I worry myself sick over this upcoming surgery this Thursday more about the results than the actual surgery. I am so scared it will come back with more than what we expected that it is in the lymph nodes and will be bigger and more widespread than they thought.
I do have a great DH but he is just as scared as I am so I only access this boards when he is not around as he has a heart condition and the stress of my cancers is taking its toll on him as well. The financial situation is also a killer, the tube feeding equipment and formula runs about $1,200 a month and is not covered by anyone as it is non-prescription, this last bout of cancer depleted our savings and mine is the only income because of his medical problems. We are fortunate that we have no mortgage so our expenses are low. Some family and friends had a benefit auction for me last week and raised over $8,00.00 which will cover the costs for this cancer and I at least do not have to worry about finances on top of everything else.
I am so sick of riding this cancer train and want off. I am so sick of well meaning people saying God does not give you more than you can handle or you are a strong woman you will get through this. Yes I am strong but how much can you throw at me before I just fall apart I feel I am on the brink of that right now. I want to yell, scream and beat my fists.

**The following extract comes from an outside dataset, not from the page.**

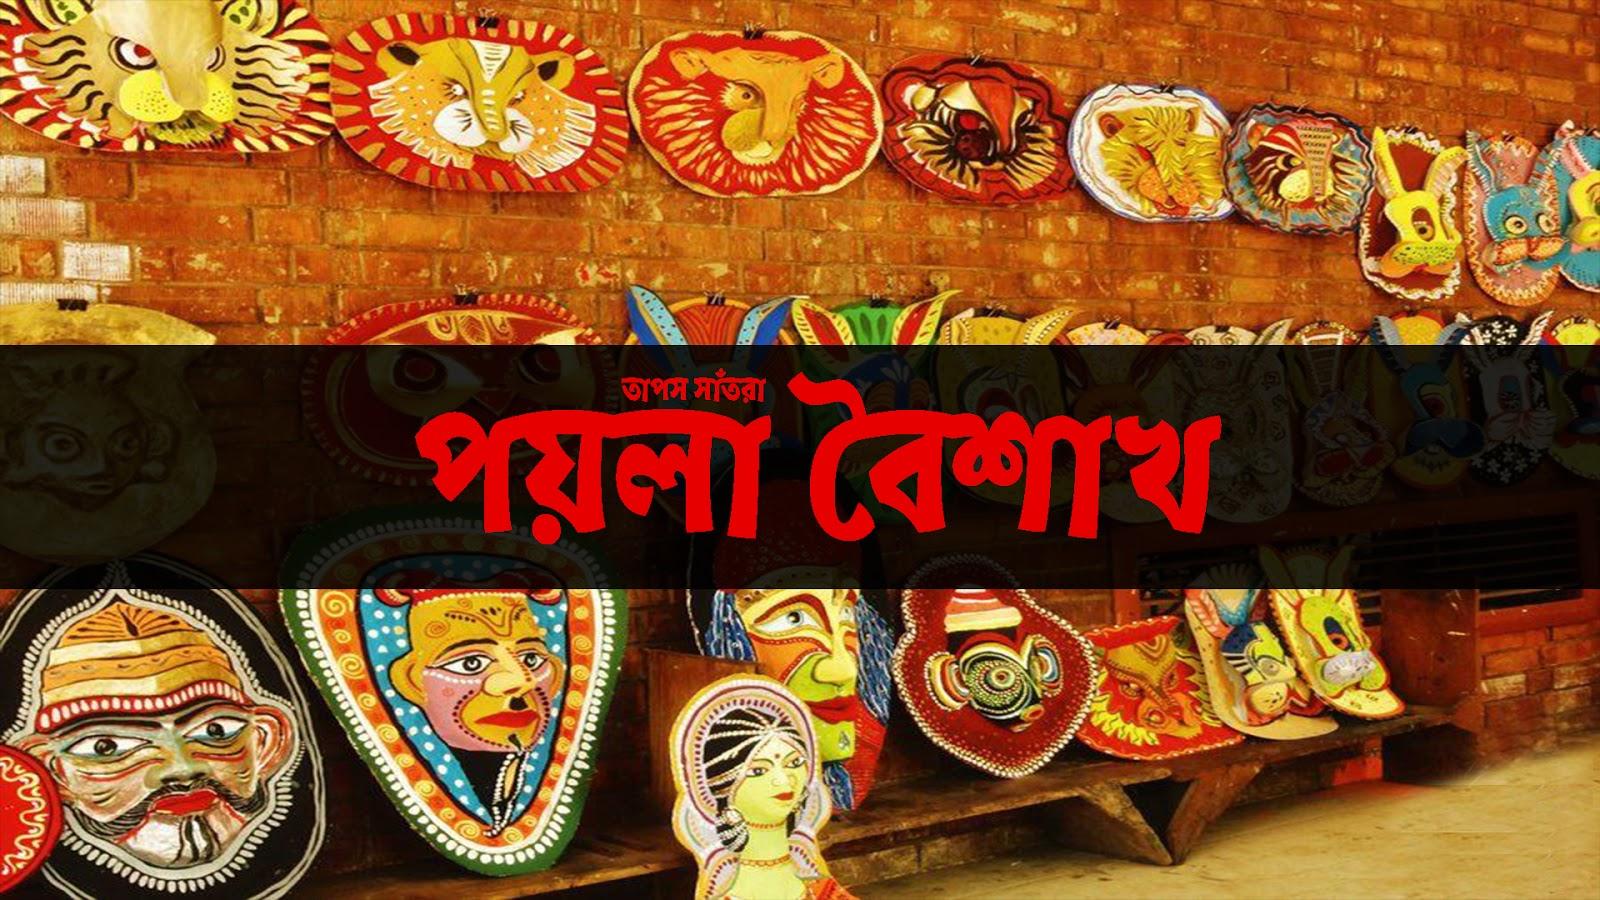 Bengla Golpo : পয়লা বৈশাখ রচনা তাপস সাঁতরা || Bengali Story : Poyla Boishakh By Tapash Satra || DjM Originals

I know I will deal with whatever the outcome of the surgery is but with every little ache and pain I immediately think it has spread to my bones etc. I went to my family doc asking for some anti aniexity drugs and she must have misunderstood because when I got them home they are sleeping pills. I have no problem sleeping it is the waking hours that are driving me nuts. I find myself snapping at people over the stupidest little things which is not my nature I am usually laid back and take things as they come but right now I feel like I am losing my grip. I am so pissed that I will spend the rest of my life being monitored for this ugly disease.
I know this is a very long post and after writing this I do feel better
Thank you ladies I wish everyone here the best.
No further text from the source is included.